GoDoc CircleCI Go Report Card Version Discord

The SecretHub CLI provides the command-line interface to interact with the SecretHub API.

SecretHub is a secrets management tool that works for every engineer. Securely provision passwords and keys throughout your entire stack with just a few lines of code.

Usage

Below you can find a selection of some of the most-used SecretHub commands. Run secrethub --help or the CLI reference docs for a complete list of all commands.

Reading and writing secrets

$ secrethub read <path/to/secret>
Print a secret to stdout.

$ secrethub generate <path/to/secret>
Generate a random value and store it as a new version of a secret

$ secrethub write <path/to/secret>
Ask for a value to store as a secret.

$ echo "mysecret" | secrethub write <path/to/secret>
Store a piped value as a secret.

$ secrethub write -i <filename> <path/to/secret>
Store the contents of a file as a secret.
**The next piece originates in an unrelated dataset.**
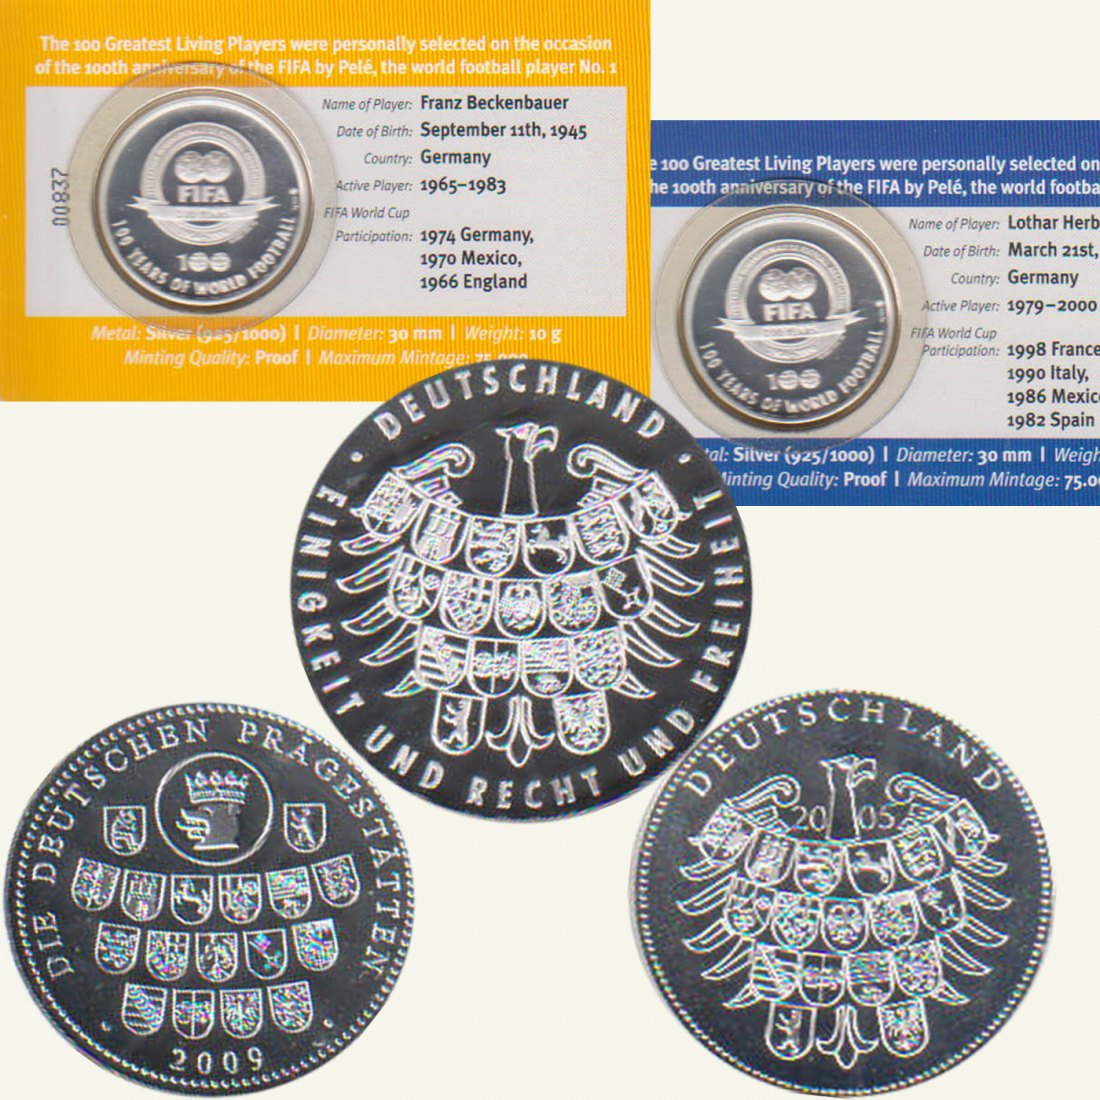  3 Silbermedaillen *40 Jahre DDR - Schiffbau der DDR* 1991 *PP* 2oz Silber Münze Berlin

Provisioning your applications with secrets

$ export MYSECRET=secrethub://path/to/secret
$ secrethub run -- <executable/script>
Automatically load secrets into environment variables and provide them to the wrapped executable or script.

$ echo "mysecret: {{path/to/secret}}" | secrethub inject
Read a configuration template from stdin and automatically inject secrets into it.

Access control

$ secrethub service init <namespace>/<repo> --permission <dir>:<read/write/admin>
Create a service account for the given repository and automatically grant read, write or admin permission on the given directory.

$ secrethub acl set <path/to/directory> <account-name> <read/write/admin>
Grant an account read, write or admin permission on a directory.

$ secrethub repo revoke <namespace>/<repo> <account-name>
Revoke an account's access to a repository.

Integrations

SecretHub integrates with all the tools you already know and love.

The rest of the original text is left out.